TADA dataframe which must include the columns 'OrganizationIdentifier', 'ActivityTypeCode', 'ActivityStartDate', 'ActivityStartDateTime', 'ResultIdentifier', 'ActivityRelativeDepthName', 'TADA.LatitudeMeasure', 'TADA.LongitudeMeasure', 'TADA.ResultMeasureValue', 'TADA.ComparableDataIdentifier', 'TADA.ActivityType.Flag', 'TADA.ActivityDepthHeightMeasure.MeasureValue', 'TADA.ResultDepthHeightMeasure.MeasureValue', 'TADA.ActivityTopDepthHeightMeasure.MeasureValue', and 'TADA.ActivityBottomDepthHeightMeasure.MeasureValue'.

type

Character argument identifying which Activity Types to look for while pairing replicates to their parent samples. The default type is "QC_replicate", which includes Activity Type Codes: "Quality Control Field Replicate Habitat Assessment", "Quality Control Field Replicate Msr/Obs", "Quality Control Field Replicate Portable Data Logger", "Quality Control Field Replicate Sample-Composite", and "Quality Control Sample-Field Replicate".

time_difference

Numeric argument defining the maximum time difference in seconds to search for parent samples.

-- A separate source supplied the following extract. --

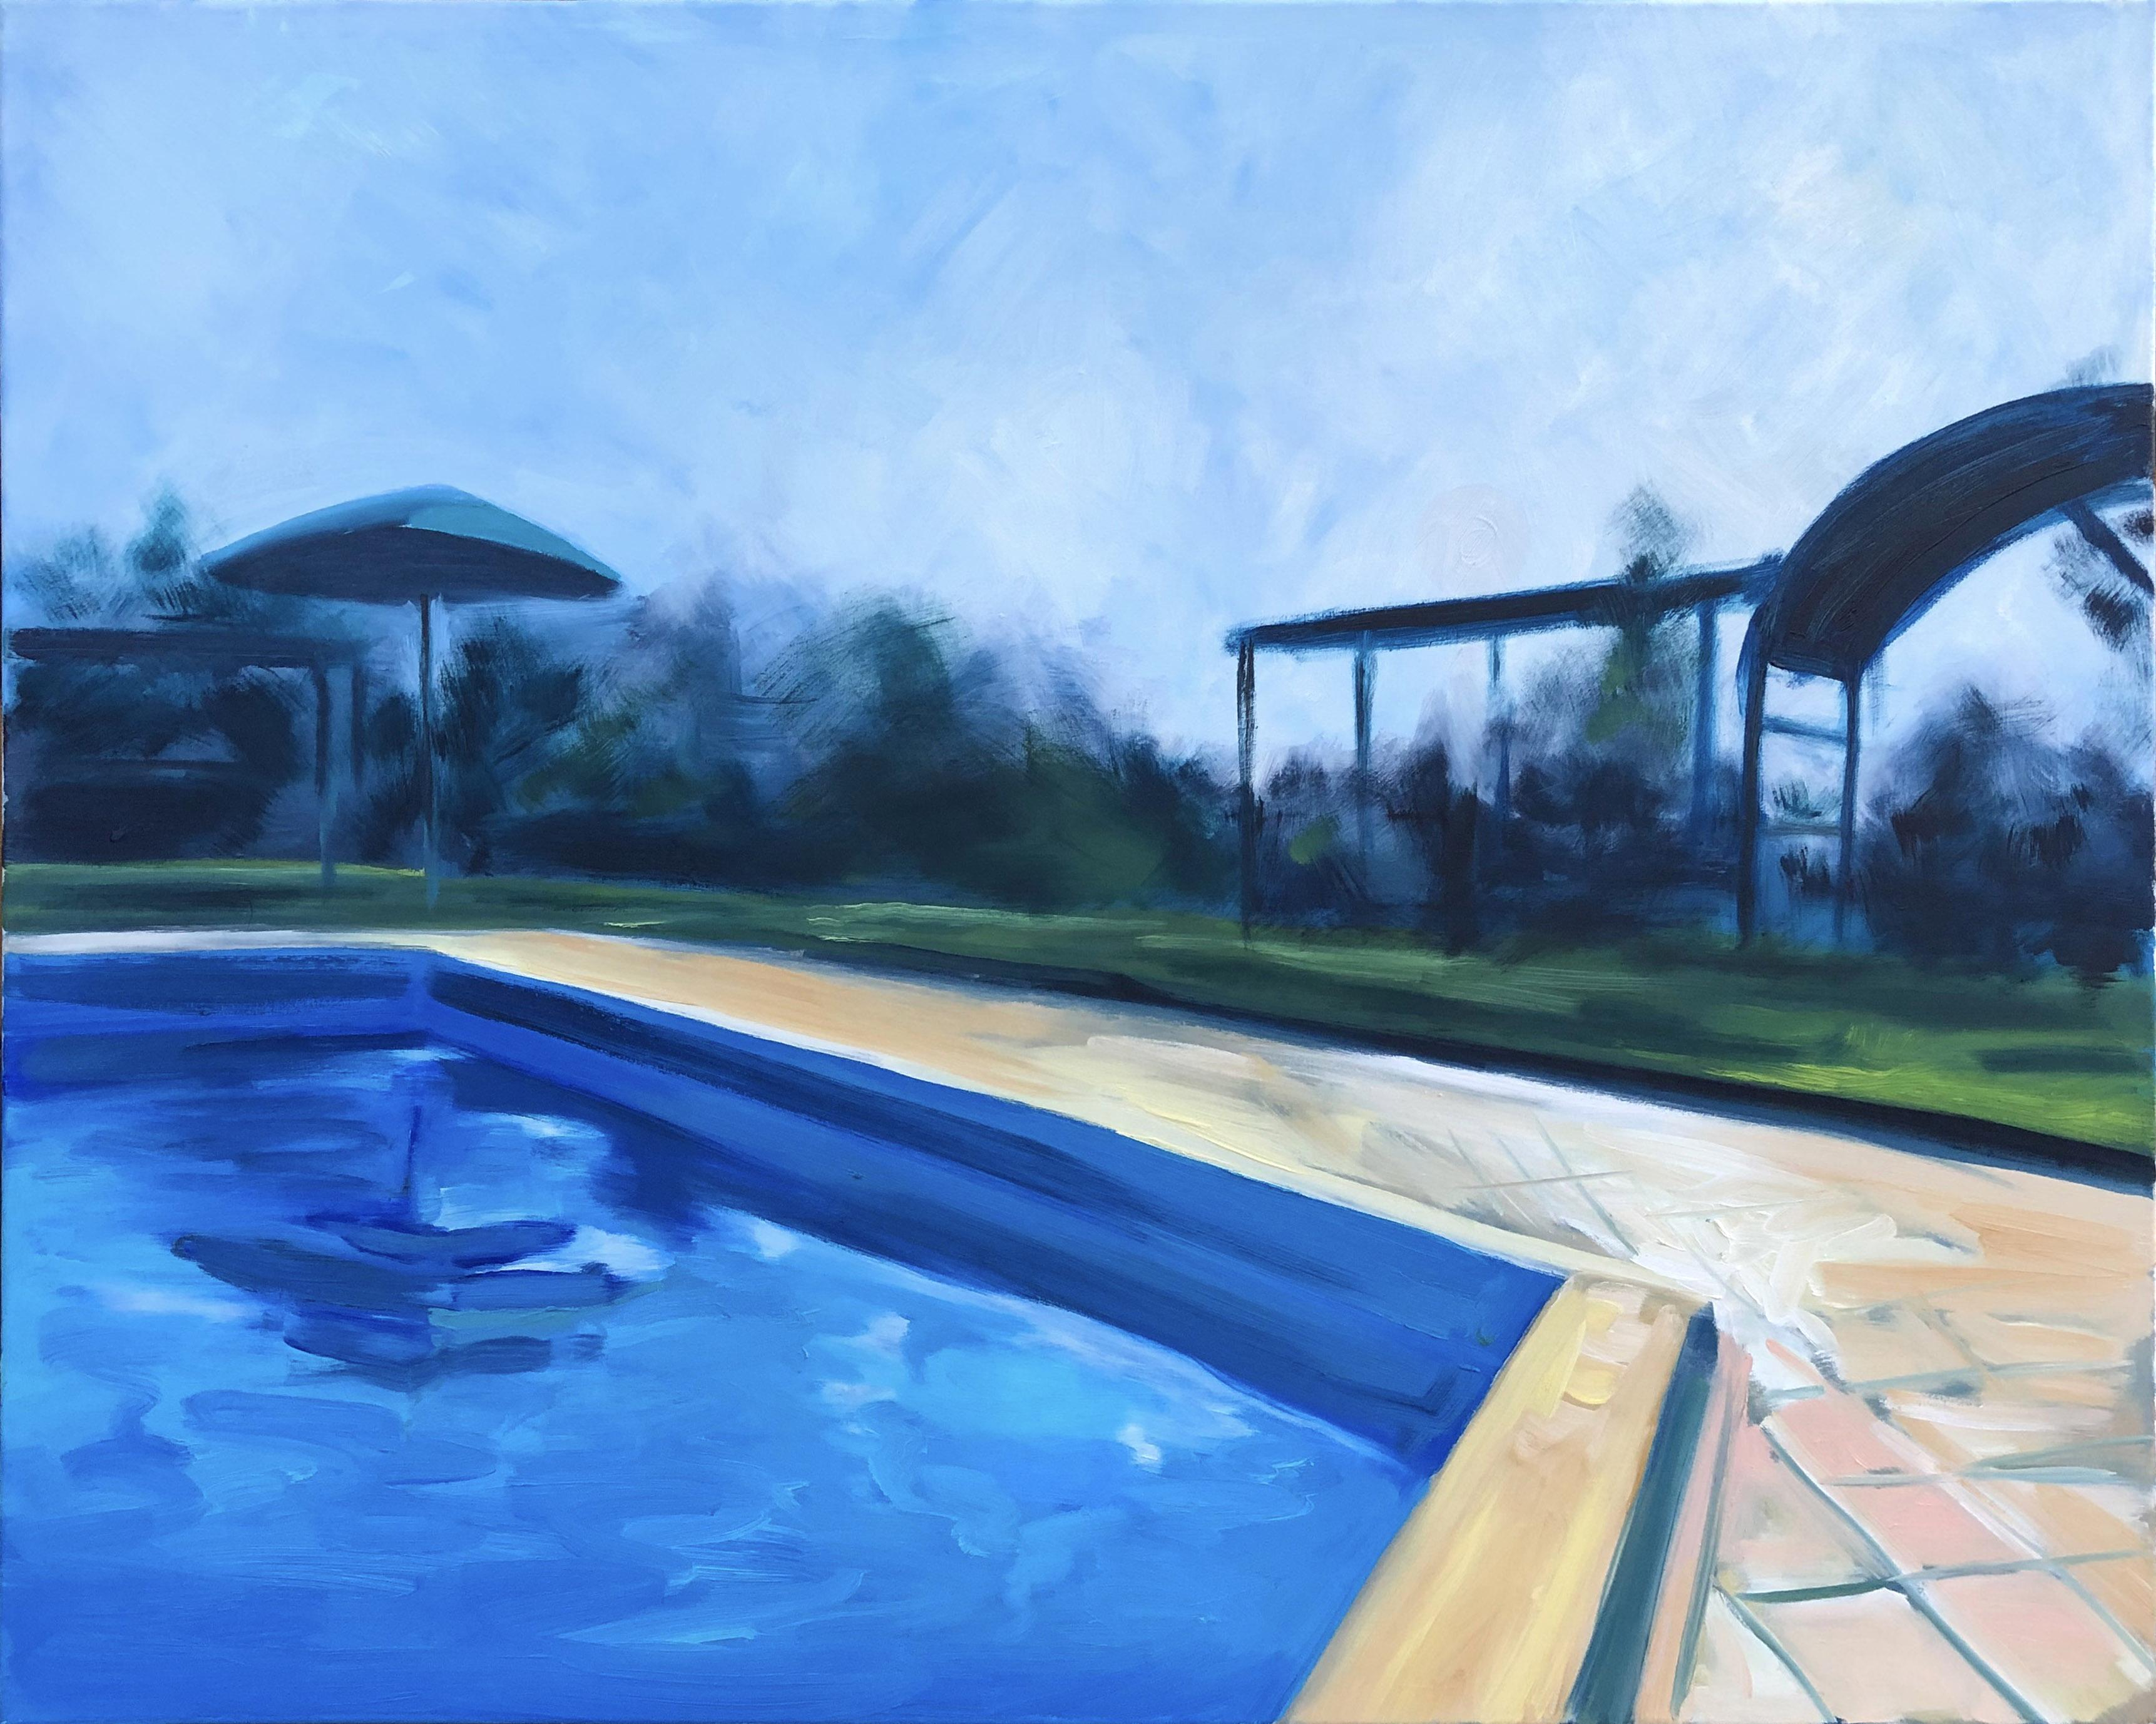 La piscina a Casa al Bosco, 2015 r.

The default time window is 600 seconds or 10 minutes. The time_difference can be as large as the user would like, but parent-replicate pairs will only be identified if they were collected on the same date.

Value

This function adds one column to the original data frame: 'TADA.ReplicateSampleID'. 'TADA.ReplicateSampleID' contains the 'ResultIdentifier' value from the replicate sample if a parent sample match is identified. Both the replicate sample and the parent sample will have the same 'ResultIdentifier' code in this column, marking them as a pair. If a sample was identified as a replicate sample in the 'TADA.ActivityType.Flag' column but does not have an associated parent sample in the data frame, the 'TADA.ReplicateSampleID' column will contain the flag 'Orphan'. If more than one parent or replicate sample is identified in the data frame, the 'TADA.ReplicateSampleID' column for all samples will contain the 'ResultIdentifier' value from one of the replicate samples marking them as a grouping.

Examples

# Load example dataset:
data(Data_NCTCShepherdstown_HUC12)

# Run TADA_FindQCActivities to add TADA.ActivityType.Flag column:
df <- TADA_FindQCActivities(Data_NCTCShepherdstown_HUC12)

# Find pairs for all data flagged as "QC_replicate" in the TADA.ActivityType.Flag column:
df_all_pairs <- TADA_PairReplicates(df)

# Find pairs for only data with ActivityTypeCode "Quality Control Sample-Field Replicate":
df_fieldrep_pairs <- TADA_PairReplicates(df, type = "Quality Control Sample-Field Replicate")

# Find pairs for all data flagged as "QC_replicate" within a 5-minute time window:
df_all_pairs_5min <- TADA_PairReplicates(df, time_difference = 300)